* **THE INPUT**:

◇ ◇ ◇ ◇

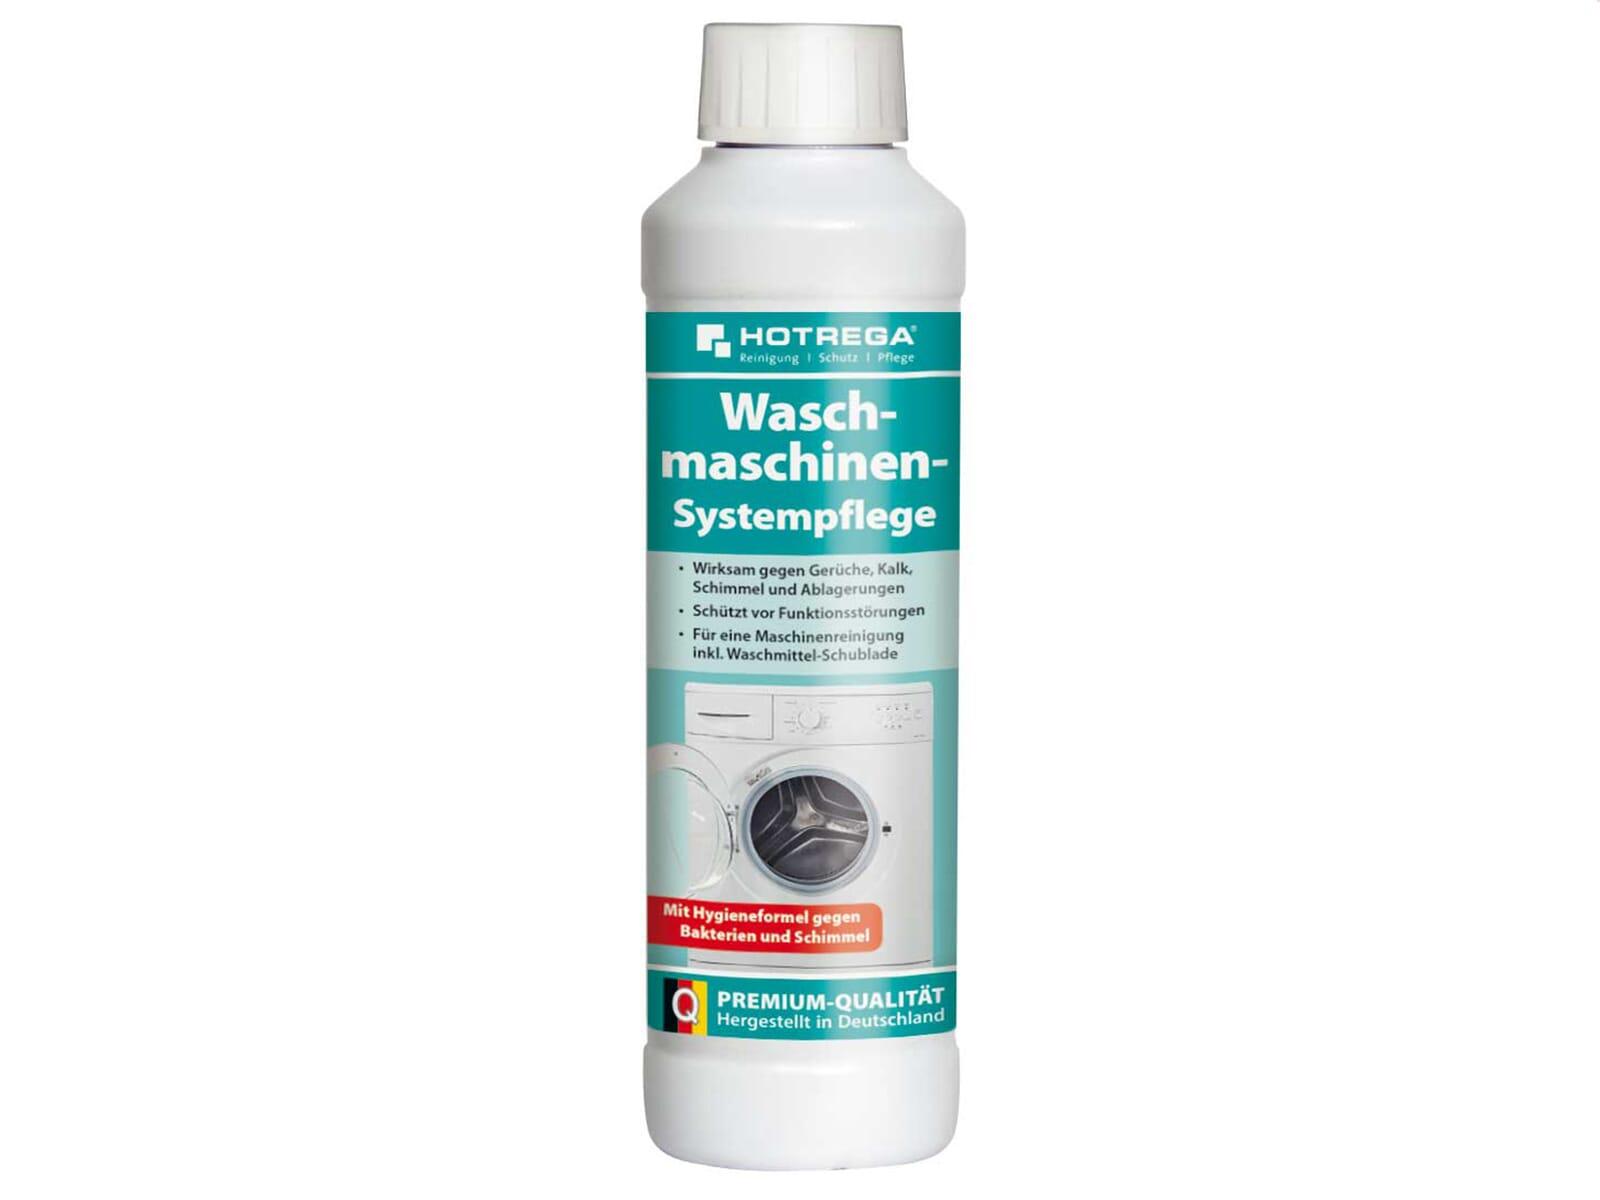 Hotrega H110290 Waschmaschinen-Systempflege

◇ ◇ ◇ ◇

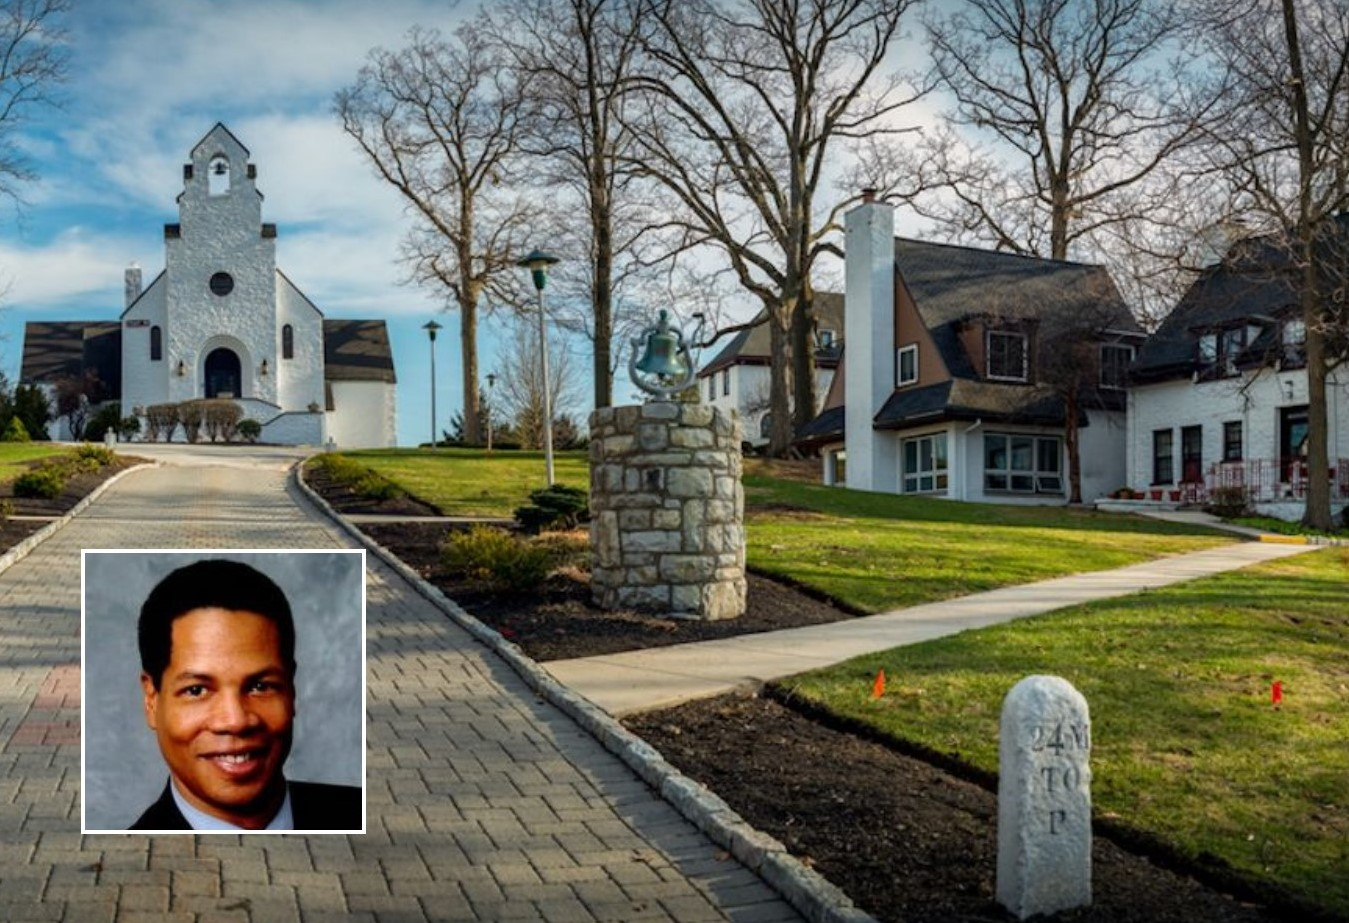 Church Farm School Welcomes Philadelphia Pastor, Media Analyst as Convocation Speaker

◇ ◇ ◇ ◇

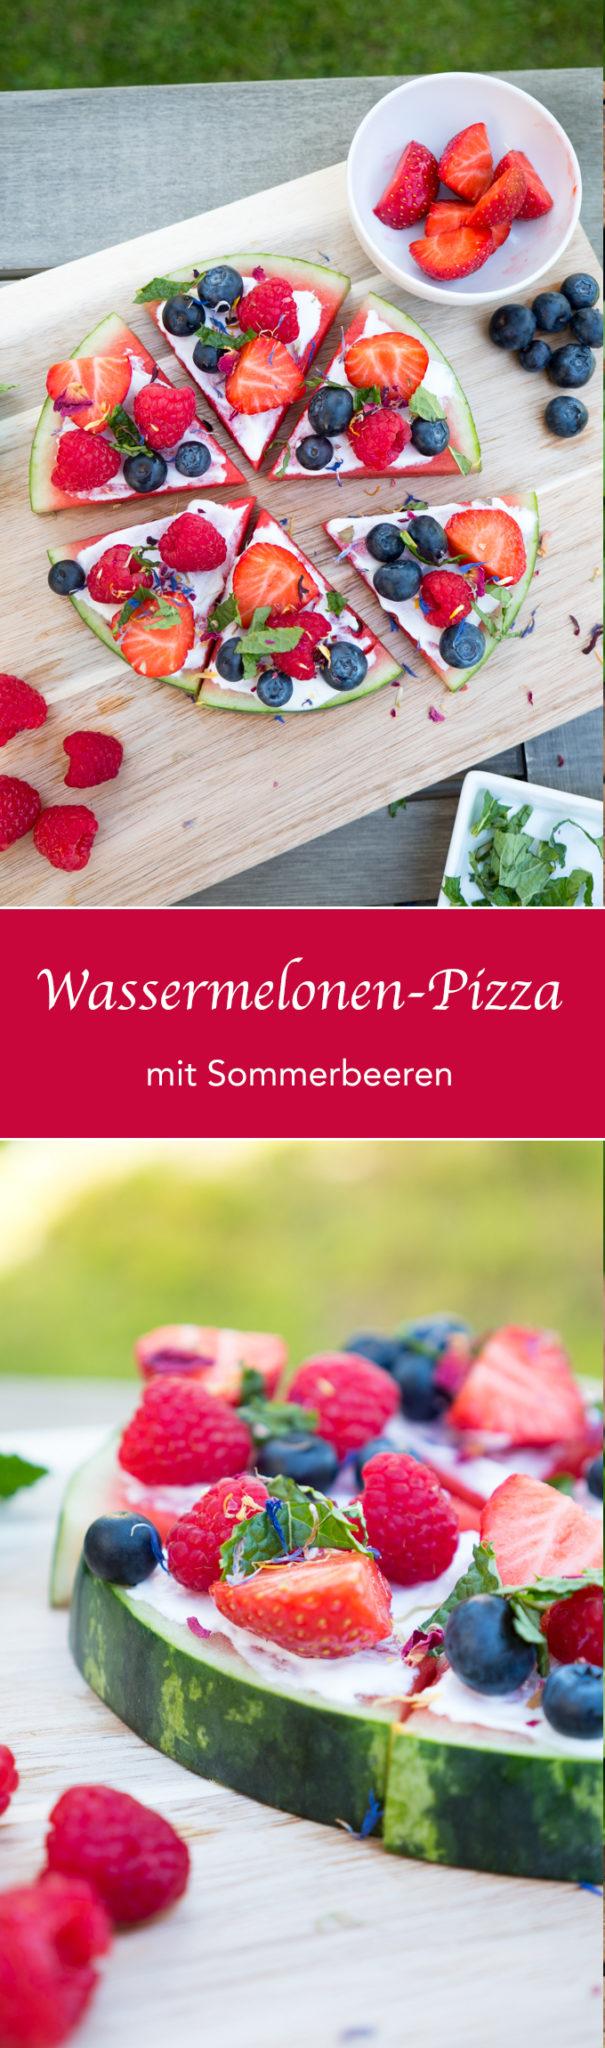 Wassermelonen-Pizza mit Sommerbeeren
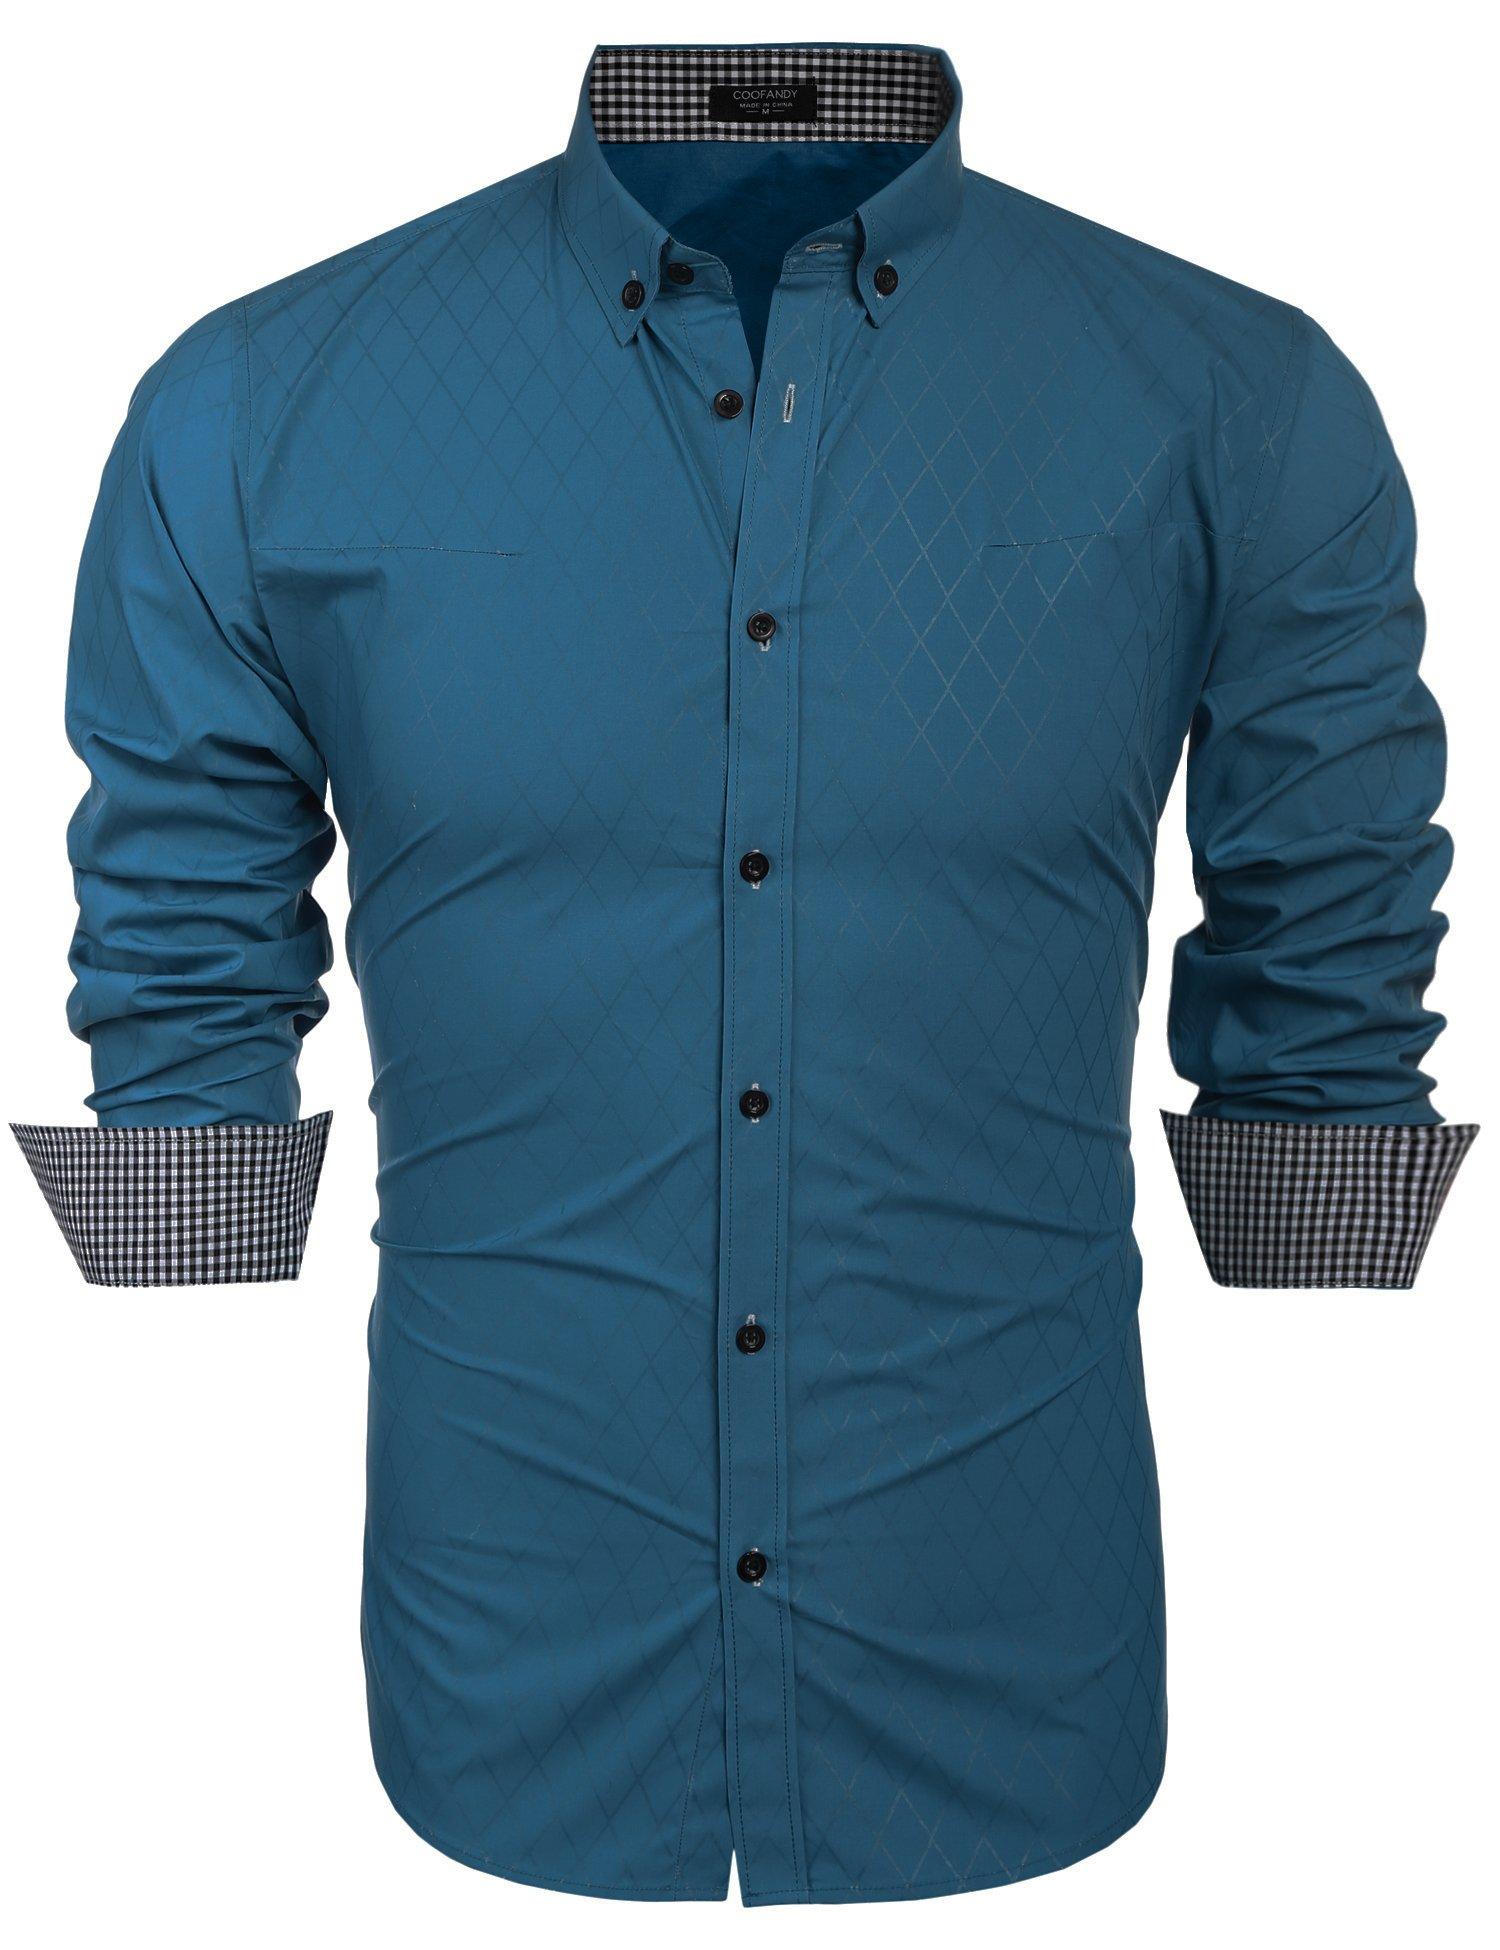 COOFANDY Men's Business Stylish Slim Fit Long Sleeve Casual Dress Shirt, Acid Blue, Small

◇ ◇ ◇ ◇

* **REQUIRED WORK**:
Using the entries above, write out exactly the lines from the one with "Wassermelonen-Pizza mit Sommerbeeren" through the one with "COOFANDY Men's Business", ends included. Leave out any pictures.

* **RESULT**:
 Wassermelonen-Pizza mit Sommerbeeren
 COOFANDY Men's Business Stylish Slim Fit Long Sleeve Casual Dress Shirt, Acid Blue, Small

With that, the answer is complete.